Может быть, действуя с твердой верой в такое будущее, помогаешь его осуществлению. Мудрость очень в духе вертоградарей. У Тоби нет бумаги, но можно попросить Зеба прихватить немного на очередной восторгательной вылазке. Конечно, при условии, что Зебу удастся найти бумагу, которая не отсырела и не изгрызена мышами на гнезда. И не съедена термитами. Да, и еще понадобятся карандаши. Или ручки. Или мелки для бумаги. Тогда можно будет начать.
Хотя сейчас Тоби трудно сосредоточиться на идее будущего. Она слишком погружена в настоящее: в настоящем есть Зеб, а в будущем его может и не оказаться.
Она жаждет наступления ночи. Ей хочется пропустить едва начатый день и с головой плюхнуться в ночь, как в пруд; пруд с отраженной в нем луной. Плавать в жидком лунном свете.
Но жить ради ночи — опасно. День становится несущественным. Можно утратить осторожность, упустить детали, сбиться с пути. В такие дни она обнаруживает, что стоит столбом посреди комнаты, с сандалией в руках, не понимая, как она сюда попала; или снаружи, под деревом, зачарованно глядя на трепещущую листву, и мысленно дает себе пинка: «Шевелись! Сейчас же! Давай, тебе же нужно…» Но что именно ей нужно сделать?
Это не только у нее, и причиной не только ее ночная жизнь. Тоби замечает, что и другие так же расслабились. Застывают непонятно с чего, прислушиваются, хотя никто ничего не говорил. Потом рывком — заметным усилием — возвращаются в осязаемую реальность. Начинают суетиться в саду, чинить забор, возиться с солнечной установкой или на строительстве… Очень соблазнительно — просто плыть по течению, как Дети Коростеля. У них нет праздников, нет календарей, нет дел, которые нужно выполнить к сроку. Нет долговременных целей.

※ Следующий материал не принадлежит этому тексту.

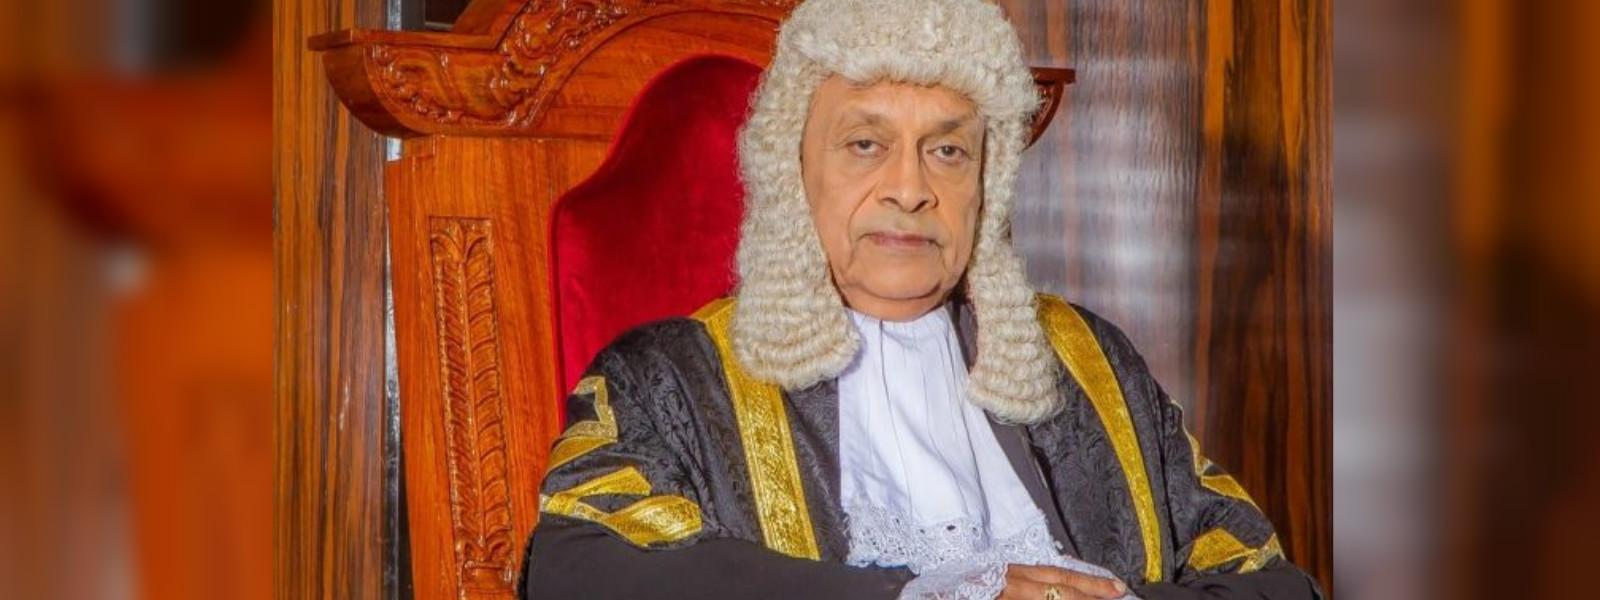 Speaker accepts govt prior to the 26th of October

Она хорошо помнит это ощущение подвешенности в вакууме — с той поры, когда несколько месяцев прожила в салоне красоты «НоваТы», ожидая, пока чума, убивающая весь остальной мир, пойдет на убыль. А потом — когда прекратились мольбы, плач, стук в дверь, когда никто уже не тащился к зданию и не падал замертво на газоне, просто ожидая Знака, что кто-то еще остался в живых. Момента, когда снова начнется осмысленное время.
Она тогда цеплялась за установленный ежедневный распорядок: следила, чтобы ее тело было как следует накормлено и напоено, заполняла время мелкими делами и старательно вела дневник. Отгоняя голоса, которые пытались пробраться к ней в голову, как они любят делать, когда оказываешься в одиночестве. Отгоняя соблазн убрести прочь, в лес, открыть дверь тому, что должно с ней случиться, или, точнее говоря, с ней покончить. Положить конец.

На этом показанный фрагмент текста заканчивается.